Vintage Ford Design Film Draws Future Parallels

Every once in awhile it pays to take a stroll down memory lane, or maybe see what was going on before you were even born. It allows you to look back, perhaps romantically, at a simpler time when life was more carefree. But was it?

The video above takes us inside Ford’s advanced design studio in the early 1970s. We get to hear why — even then — designers hated being referred to as mere ‘stylists’, we get a look at some of the projects they were working on at the time, and gain a little insight into the friction transpiring between designers and engineers — though everyone is diplomatic and sharply dressed.

I won’t give you any spoilers, suffice to say that safety regulations imposed by the US government called for some seriously drastic measures in 1972, and not everybody (or product) came out unscathed.

What I love most about these old videos is seeing how designers approached some of the issues they faced, knowing how the results of their experiments affected today’s automotive landscape. Hindsight is a wonderful thing.

It’s also great to be able to witness the process of interaction between people as they work out the issues they were facing and to see similarities with the current questions being raised by design teams working in automaker studios today. Everyone is trying to find answers.

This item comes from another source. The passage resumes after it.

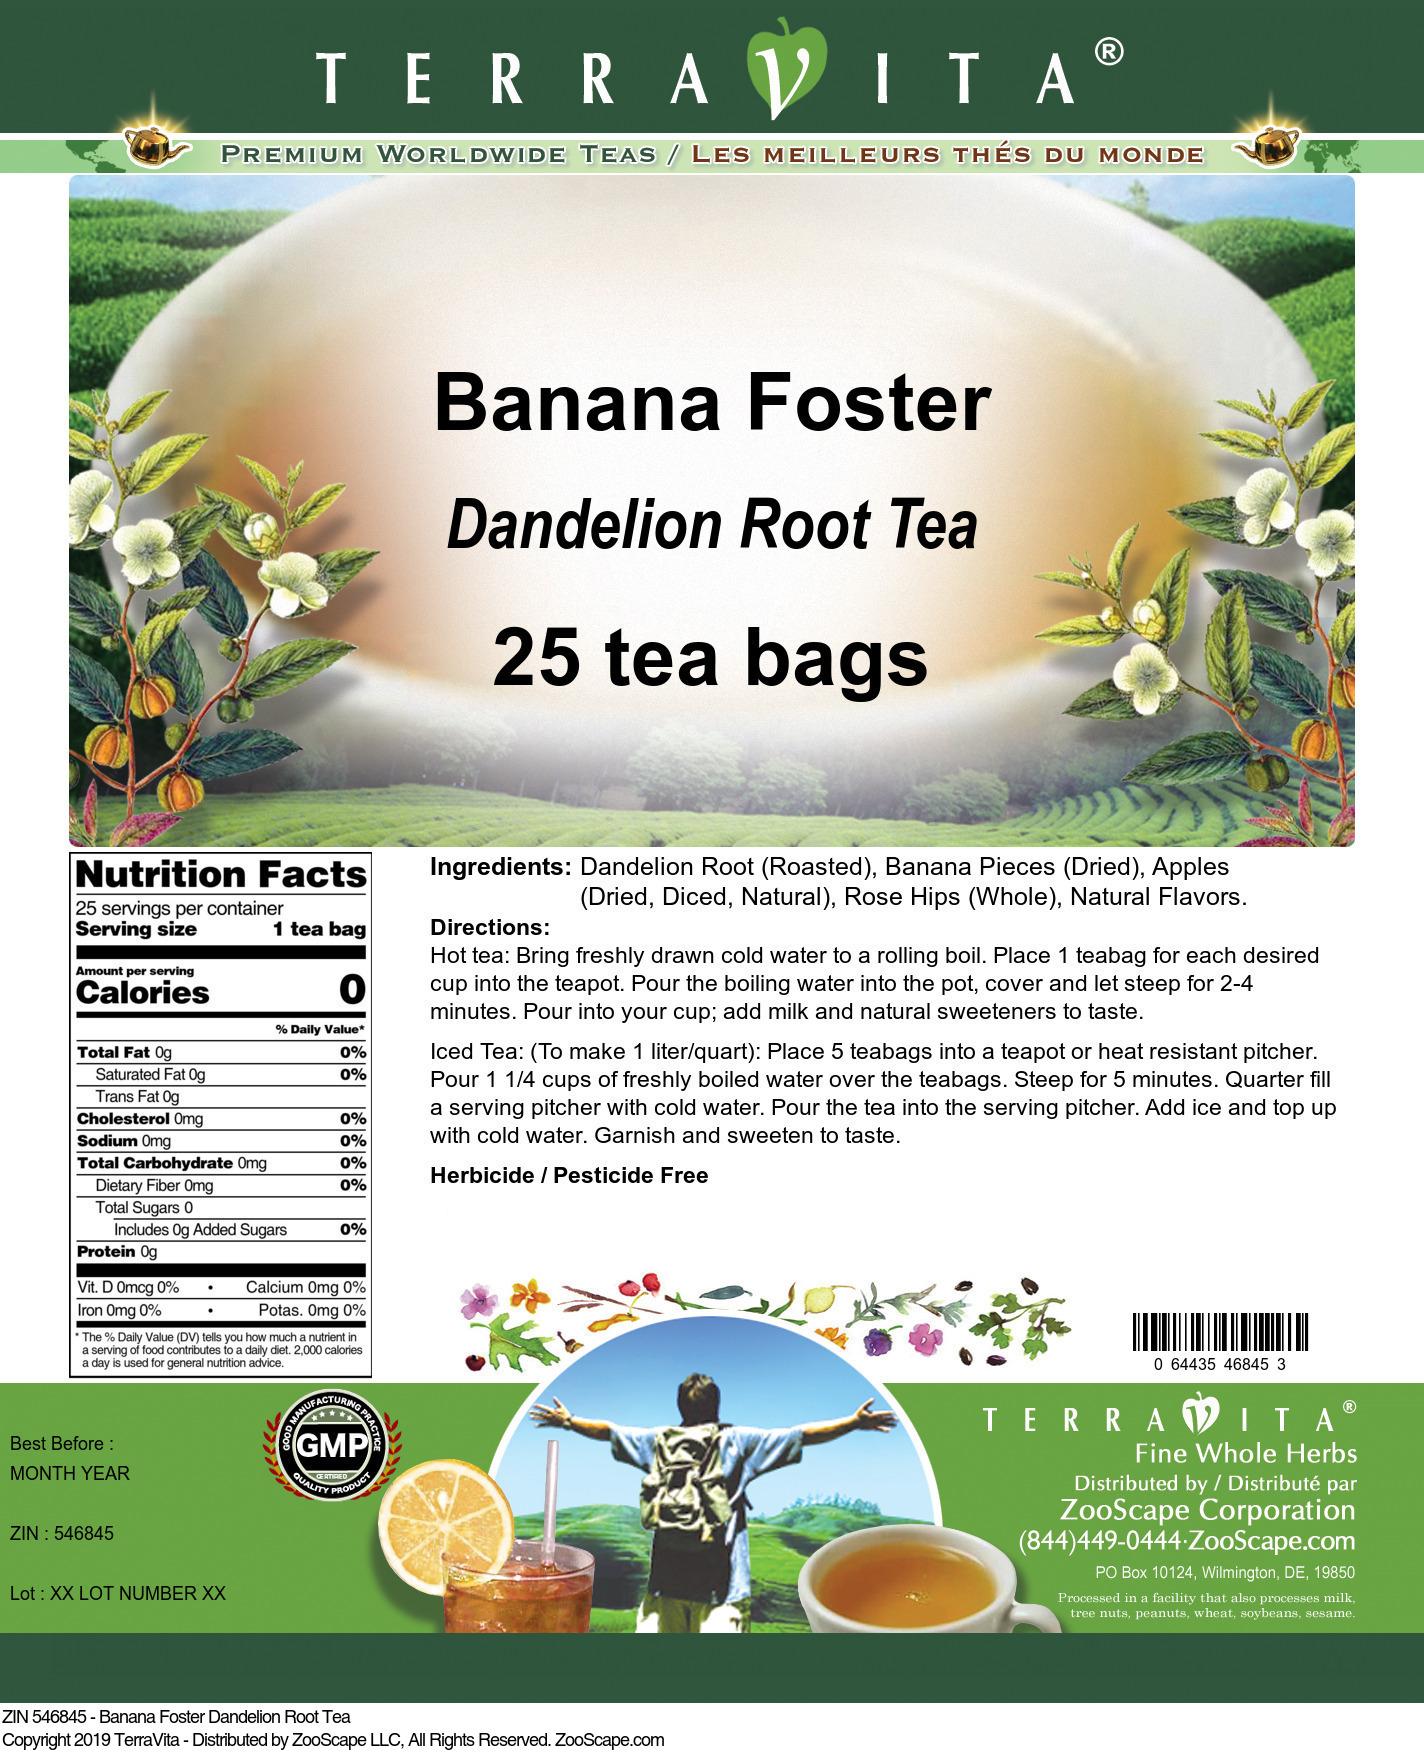 Banana Foster Dandelion Root

“A designer is inherently dissatisfied with the way things are. He wants change. That’s why he designs.” – Romeyn Hammond, advanced interior designer, Ford, 1973.

While the video focuses on the safety equipment designers had to implement at the behest of upcoming government mandates — citing conversations designers were having with engineers and regulators — ultimately Ford’s teams had to devise a solution to a problem. And therein lies the parallel.

The autonomous race is on, and everyone is racking their brains trying to find ways to implement functional solutions for safety, comfort, aesthetics and overall desirability. It’s a great opportunity but also a significant challenge. Good luck to all of those out there working towards new mobility solutions for the future!

While the design paradigm has changed, the way a designer is asked to develop a cognitive plan and devise new solutions to tackle and resolve an issue remains the same. Ultimately it’s up to the consumer to decide if they like the final product or not.

The video above is something I found in the King Rose Archives, a great resource full of interesting videos from the annals of automotive history. They’ve got loads of them, from vintage concepts to interviews and commercials.

But before you venture down that rabbit hole don’t say I didn’t warn you. It might be best to save the link for a weekend.